В следующем письме он уже оправдывается перед Чертковым в своем увлечении этой статьей такими словами:
«С тех пор получил два письма – одно вчерашнее, с выражением неодобрения тому, что я посвящаю все свое время статье, и нынешнее – о «Двух стариках». Я согласен с вами, что другое я бы мог писать, и оно как будто действительнее, но не могу оторваться, не уяснив прежде всего себе (и другим, может быть) такую странную, непривычную мысль, что считающееся таким благородным занятие нашими науками и искусствами – дурное, безнравственное занятие. И мне кажется, что я достигаю этого и что это очень важно. Нынче с Александром Петровичем говорили. Он говорит, что не скоро люди будут жить хорошо, а мне всегда кажется, что скоро. Стоит только разрушить соблазн – ложное, обманчивое рассуждение, на которое они опираются. Люди – разумные существа и не могут жить с сознанием, что они живут против разума, и вот когда они делают это, им на помощь приходит ум, строящий соблазны. Стоит разрушить соблазн, и они покорятся. Они построят новые, но обязанность каждого, если он видит обман соблазна, – указать его людям. Я это-то и постараюсь делать. Но ваши замечания мне очень дороги и полезны, и пожалуйста, делайте их и порезче…»
Еще через месяц, уже из Москвы, на вопрос Черткова он отвечает так:
«Вы спрашиваете, что я работаю. Я кончаю (кончил, могу сказать) статью «Что же нам делать?». И много работаю руками и спиною в Москве. Вожу воду, колю, пилю дрова. Ложусь и встаю рано, и мне одиноко, но хорошо».
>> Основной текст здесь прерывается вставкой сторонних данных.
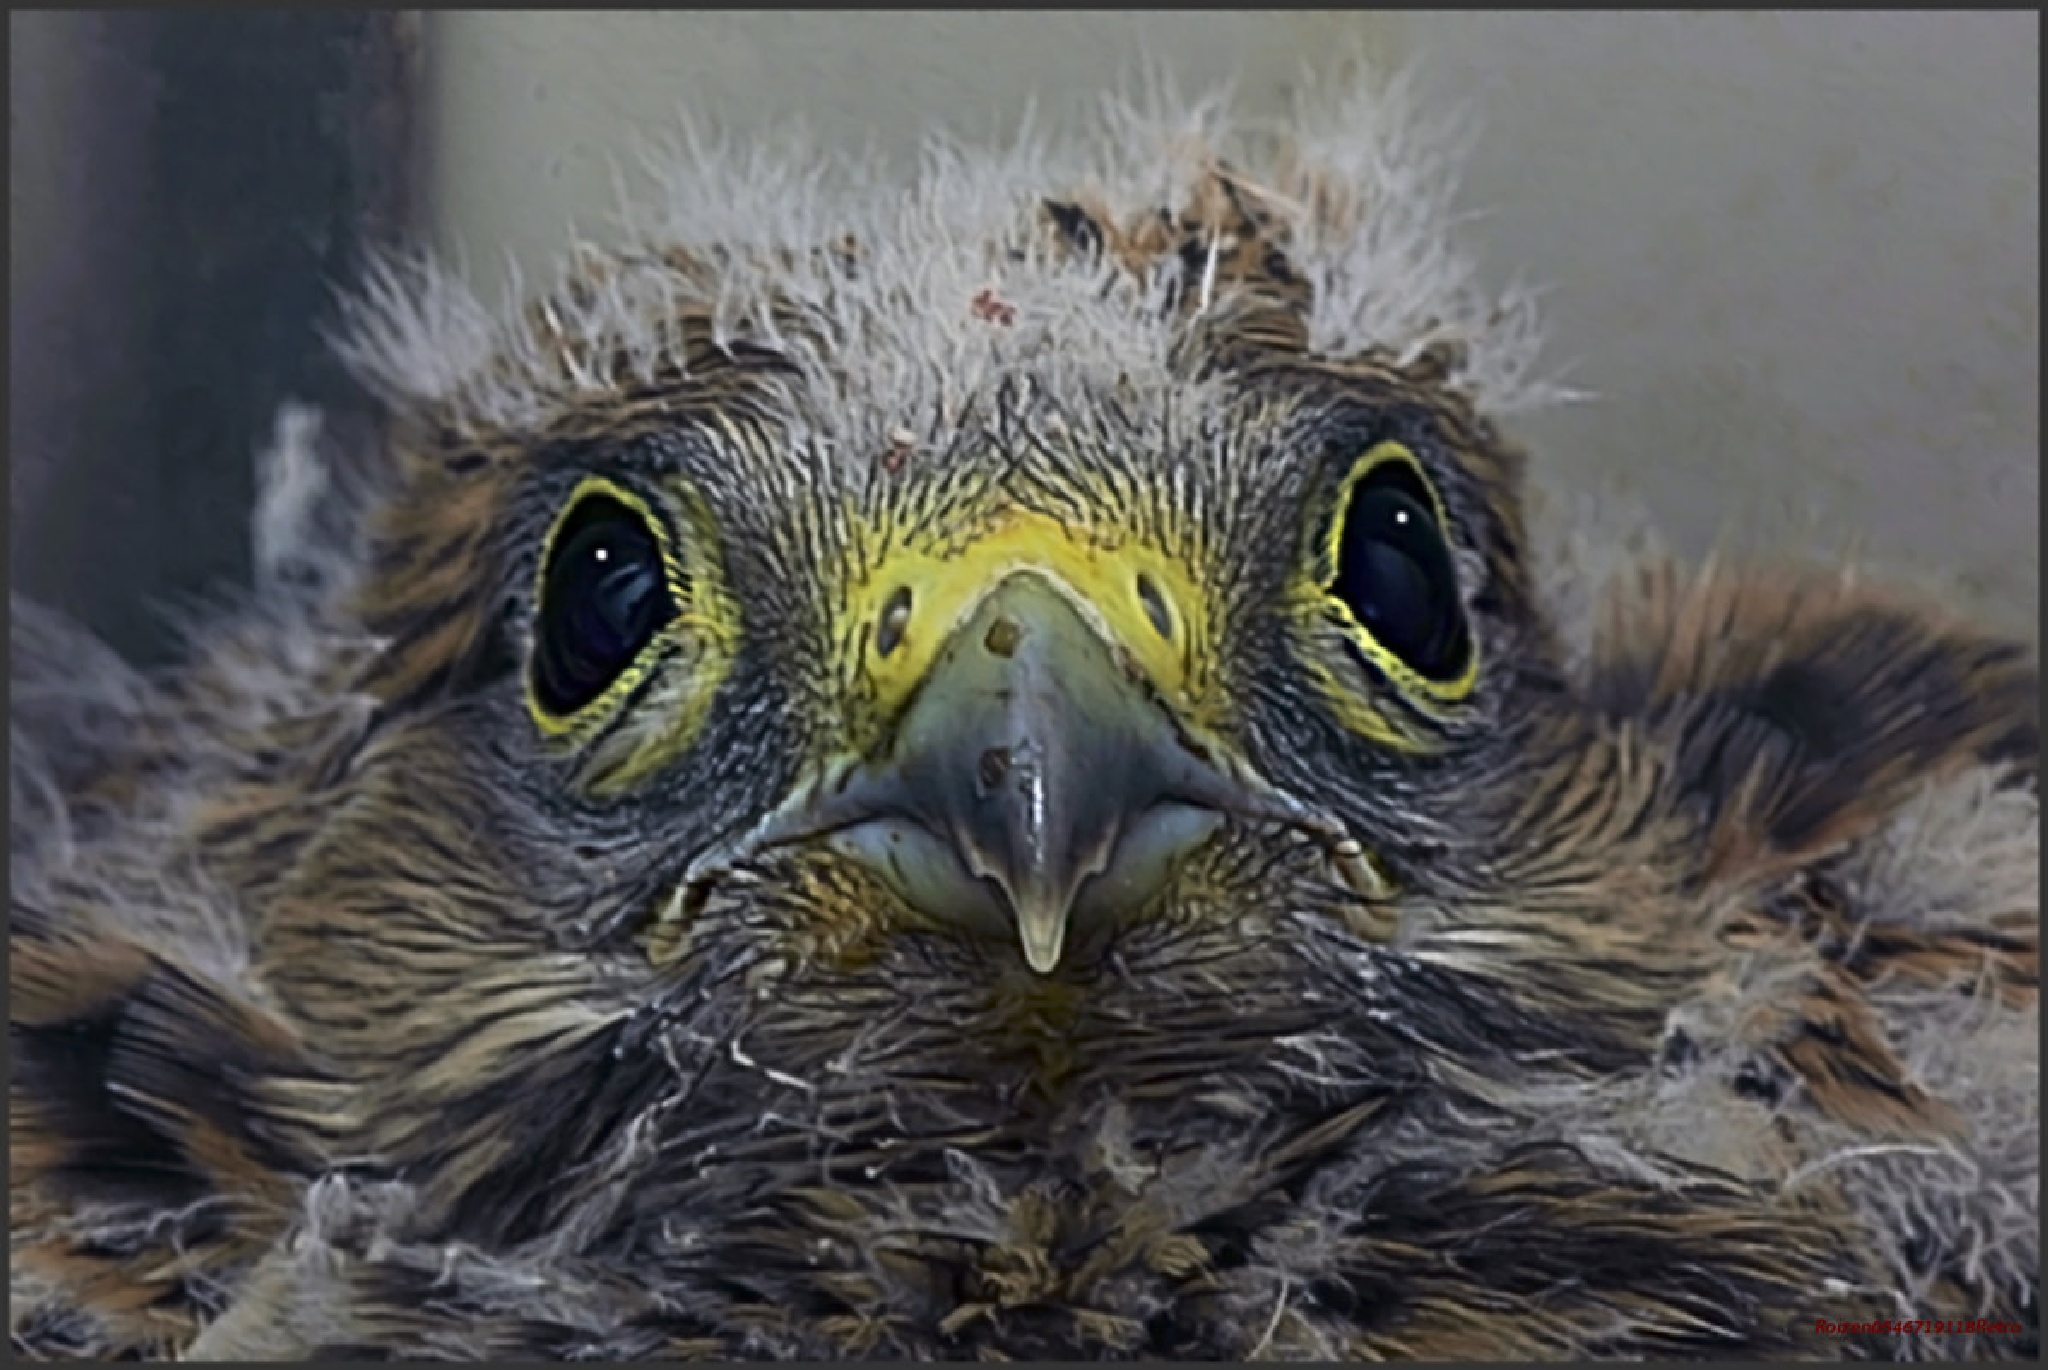 kestrel chick portrait by SHMUAL HAVA RETRO
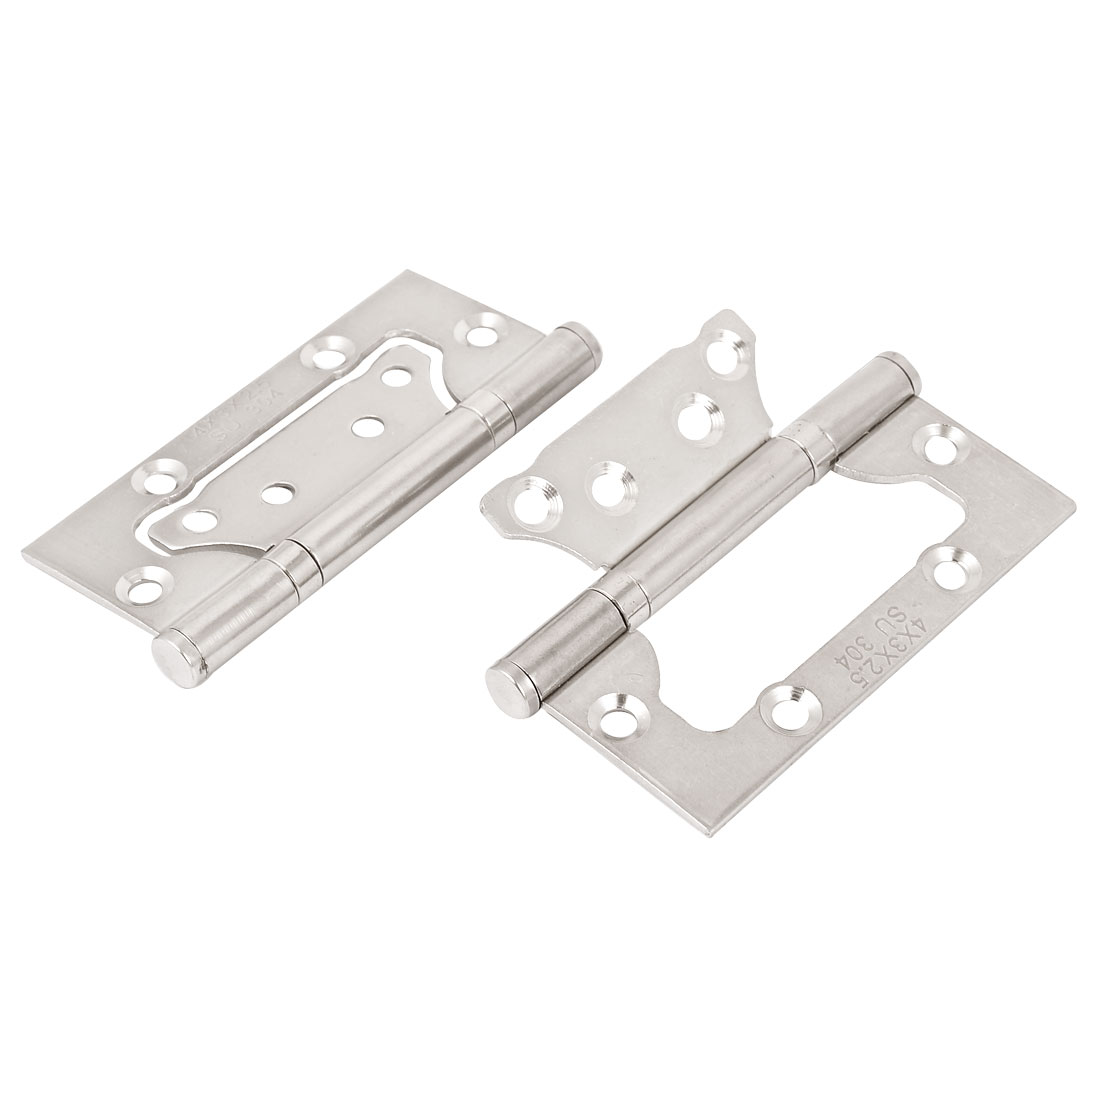 "Furniture Windows Cabinet 4"" Long Metal Door Butt Hinges Hardware Silver Tone 2pcs"

В этой книге было много автобиографического. В марте 1885 г. Лев Николаевич писал Черткову;
«Про себя напишу: хотелось бы сказать, что я бодр и счастлив, и не могу. Не несчастлив я – далек от этого. Но мне тяжело. У меня нет работы, которая поглощала бы меня всего, заставляя работать до одурения и с сознанием того, что это мое дело, и потому я чуток к жизни, окружающей меня, и к своей жизни, и жизнь эта отвратительна.
Вчера ночью я пошел гулять. Возвращаюсь, вижу на Девичьем поле что-то барахтается и слышу, городовой кричит: «Дядя Касим, веди же!» Я спросил: «Что?» – «Забрали девок из Проточного переулка, трех провели, а одна пьяная отстала». Я подождал. Дворник с ней поравнялся с фонарем: девочка по сложенью, как моя 13-тилетняя Маша, в одном платье грязном и разорванном, голос хриплый, пьяный; она не шла и закуривала папироску. «Я тебе, собачья дочь, в шею!» – кричал городовой. Я взглянул в лицо, – курносое, серое, старое, дикое лицо. Я спросил: «Сколько ей лет?» – она сказала: «16-й». И ее увели. (Да, я спросил, есть ли отец и мать; она сказала – мать есть). Ее увели, а я не привел ее к себе в дом, не посадил за свой стол, не взял ее совсем, – а я полюбил ее. Ее увели в полицию сидеть до утра, в сибирке, а потом к врачу свидетельствовать. Я пошел в чистую покойную постель спать и читать книжки (и заедать воду смоквой). Что же это такое? Утром я решил, что пойду к ней. Я пришел в полицию, ее уже увели. Полицейский с недоверием отвечал на мои вопросы и объяснил, как они поступают с такими. Это их обычное дело. Когда я сказал, что меня поразила ее молодость, он сказал: «Много и моложе есть».